Terror and Effects. • Don Giovanni is notable for the introduction of terror into opera. Naked fear. • To do this he uses Trombones – always associated with the underworld. They do not appear until Commendatore statue appears on stage to condemn Don Giovanni. • At the end of Act I three orchestras play simultaneously on stage. First band plays Minuet in G in ¾ for oboes, horns and strings; then orchestra II turn up and play Contradanse in G in 2/4 time; orchestra three tune up and play German Dance in 3/8.

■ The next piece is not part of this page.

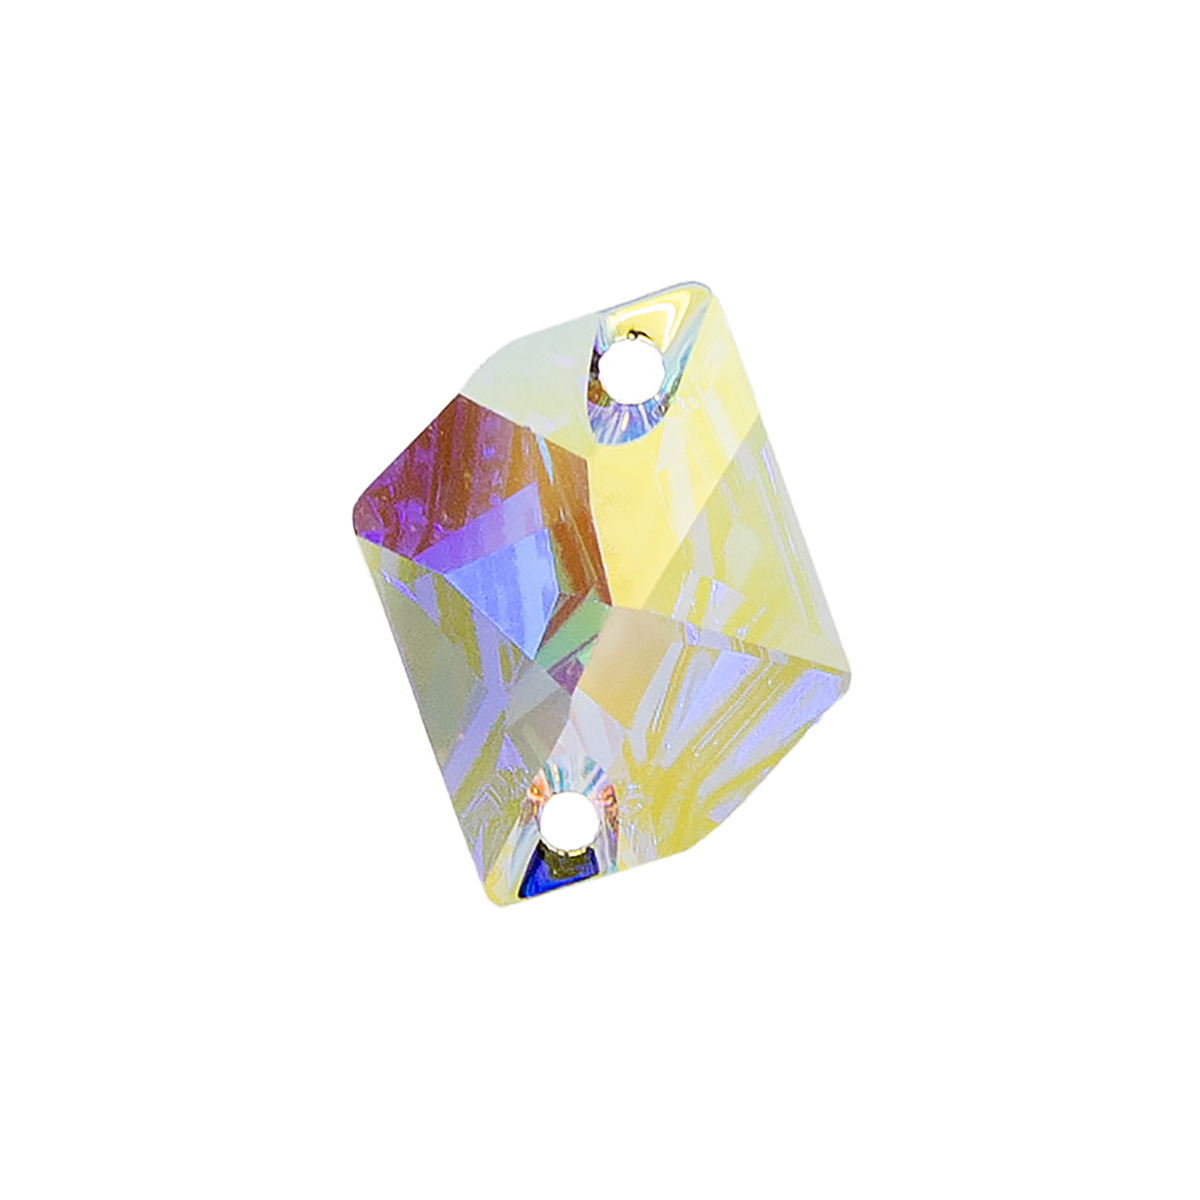 Нашивные кристаллы(камень) 3265/E 20.0*16.0мм кристалл с эфф. 1шт. Swarovski

Keys • As always the opera is carefully constructed in terms of key relationships. • D is the opera key – minor at first (overture and statue scene at end). Overture and opera end in D major. • Second Act leads from G major to A major, D major, F major, E flat (sextet – forgiveness by Elvira of Don who is Leporello in disguise at that moment). Then to D major for trumpets and drums. Then to D minor punishment key for murder. Back to D major then D minor for end of sextet in E flat.
Liberty • Act I scene 20 Don’s grant reception in the Hall. After introductory scene with Don, Leporello, Masetto and Zerlina – key changes to C major for entry of Don Ottavio, Donna Anna and Donna Elvira (all masked). • After greeting all Don sings `E aperto tutti, a tutti quanti, viva, viva la liberta’ (it is open to everyone, long live liberty). • Every one seizes the phrase and it turns into triumphal march with trumpets and drums • IS this Da Ponte’s personal tribute to Joseph II and his ideas on personal freedom and enlightenment.